Context-Aware Taxi Dispatching at City-Scale Using Deep Reinforcement Learning

Proactive taxi dispatching is of great importance to balance taxi demand-supply gaps among different locations in a city. Recent advances primarily rely on deep reinforcement learning (DRL) to directly learn the optimal dispatching policy. These works, however, are still not sufficiently efficient because they overlook several pieces of valuable context information. As a result, they may generate quite a few improper actions and introduce unnecessary coordination costs. To improve existing works, we present COX - a context-aware taxi dispatching approach that incorporates rich contexts into DRL modeling for more efficient taxi reallocations.

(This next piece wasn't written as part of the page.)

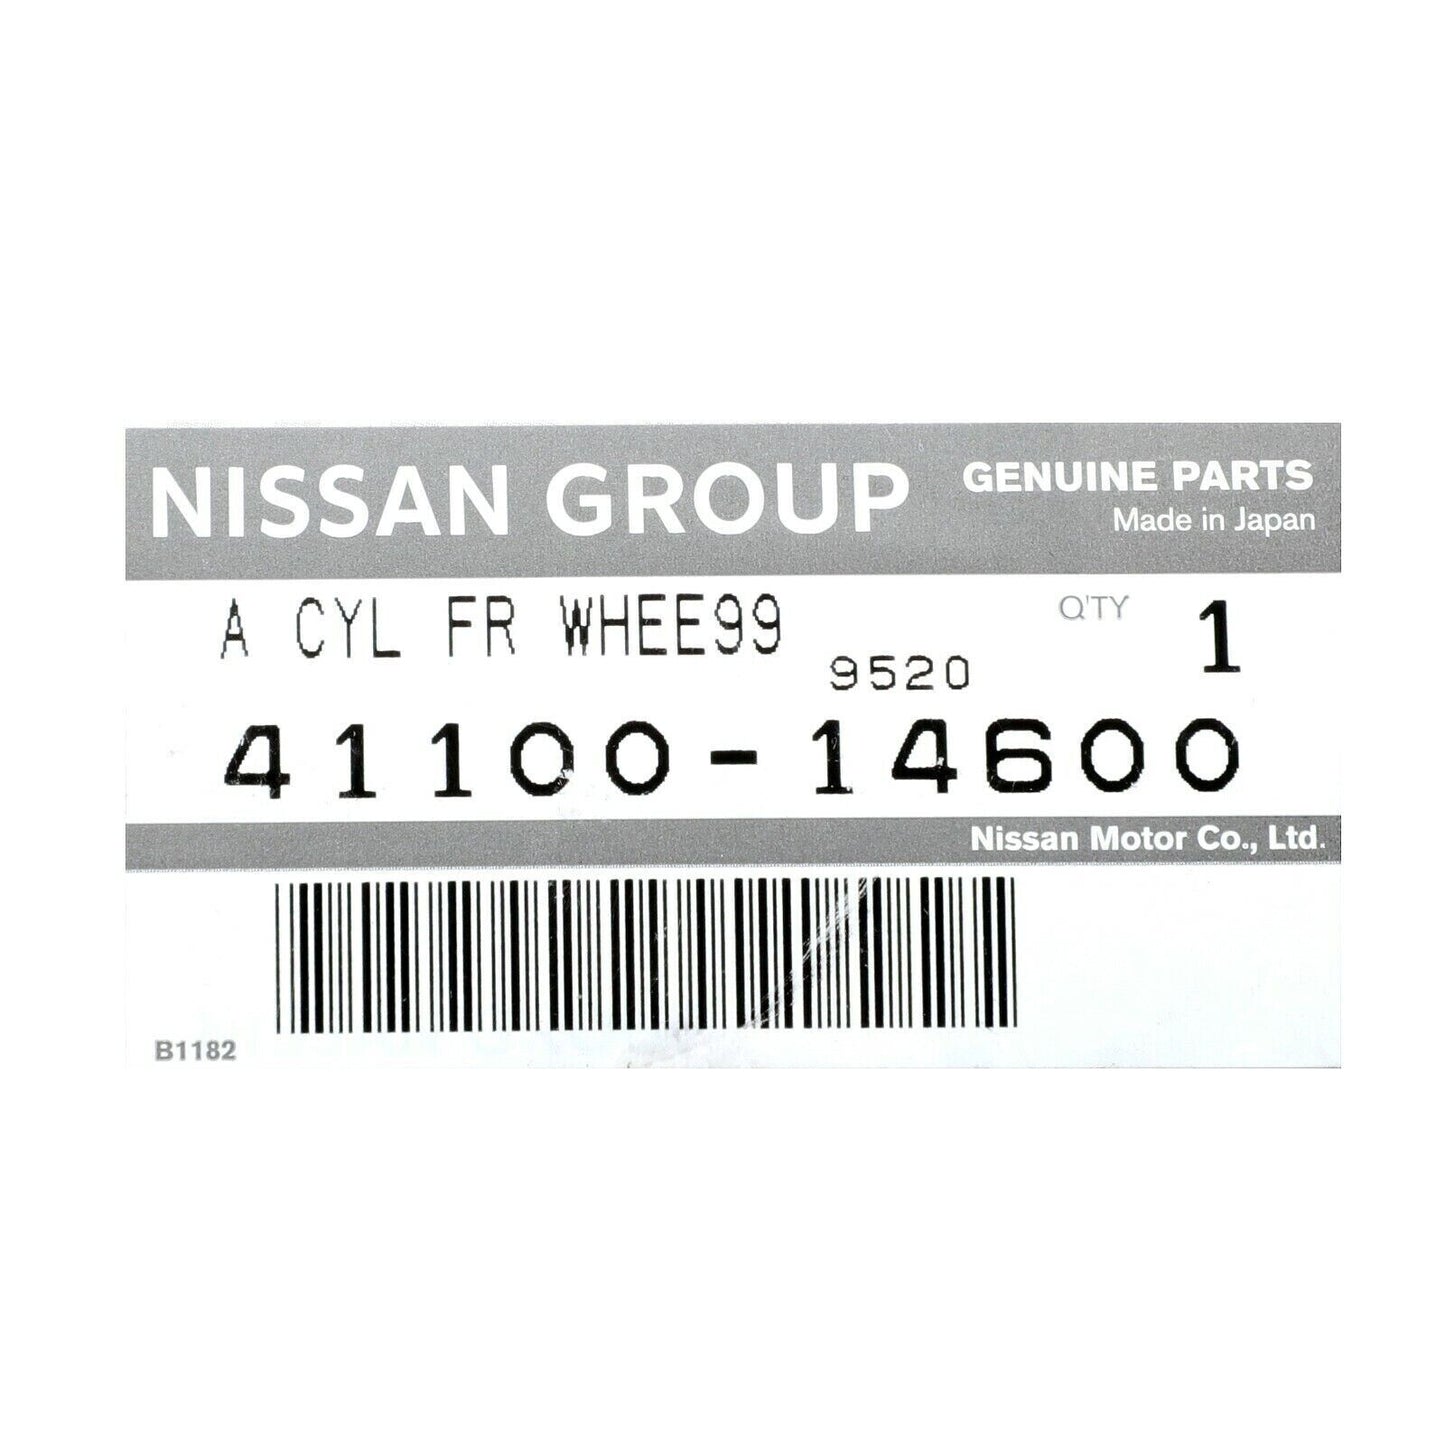 Genuine Nissan OEM DATSUN SR311 ROADSTER INNER DISC BRAKE CALIPER 41100-14600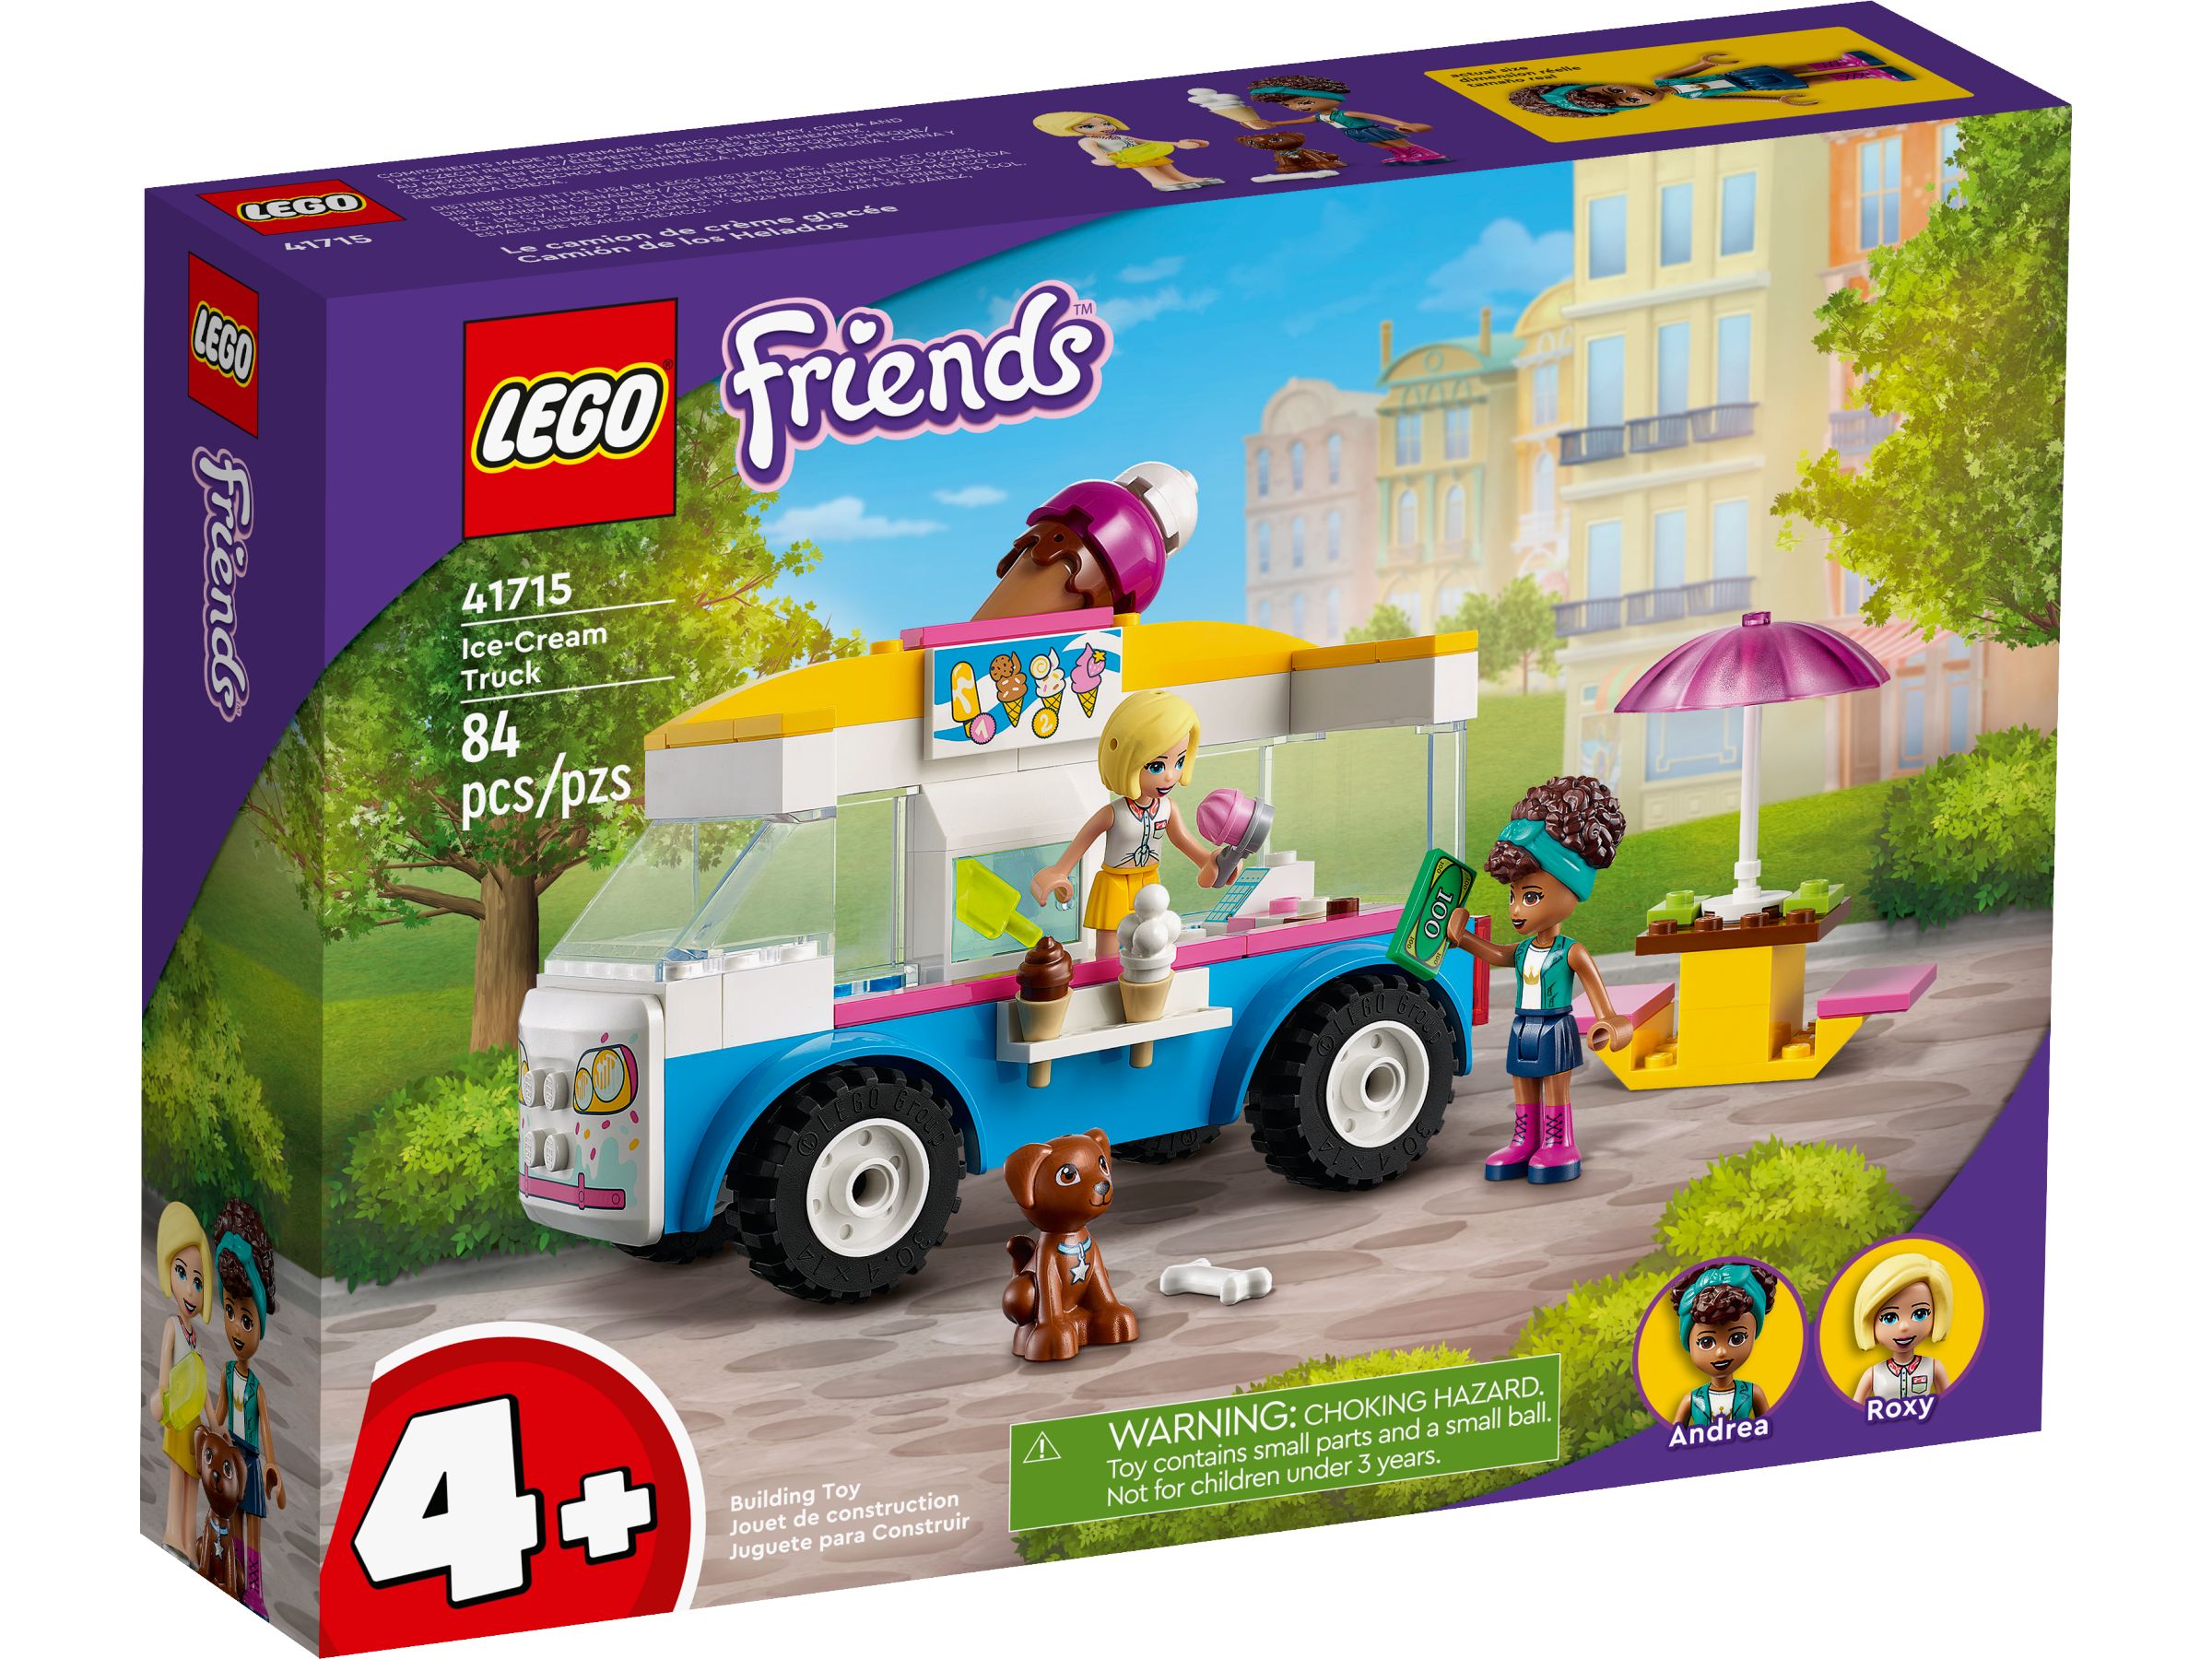 LEGO Friends 41715 Eiswagen LEGO_41715_alt1.jpg

Specifically, rather than simply dividing the service area into grids, COX proposes a road connectivity aware clustering algorithm to divide the road network graph into zones for practical taxi dispatching. In addition, COX comprehensively analyzes zone-level taxi demands and supplies through accurate taxi demand prediction and timely updates of taxi statuses. COX improves the DRL modeling by integrating these derived contexts, e.g., state representation with complete demand/supply data and sequential action generation with full coordination among idle taxis. In particular, we implement an environment simulator to train and evaluate COX using a large real-world taxi dataset. Extensive experiments show that COX outperforms state-of-the-art approaches on various performance metrics, e.g., on average improving the total order values by 6.74%, while reducing the number of unserved taxi orders and passengers' waiting time by 4.92% and 44.84%, respectively.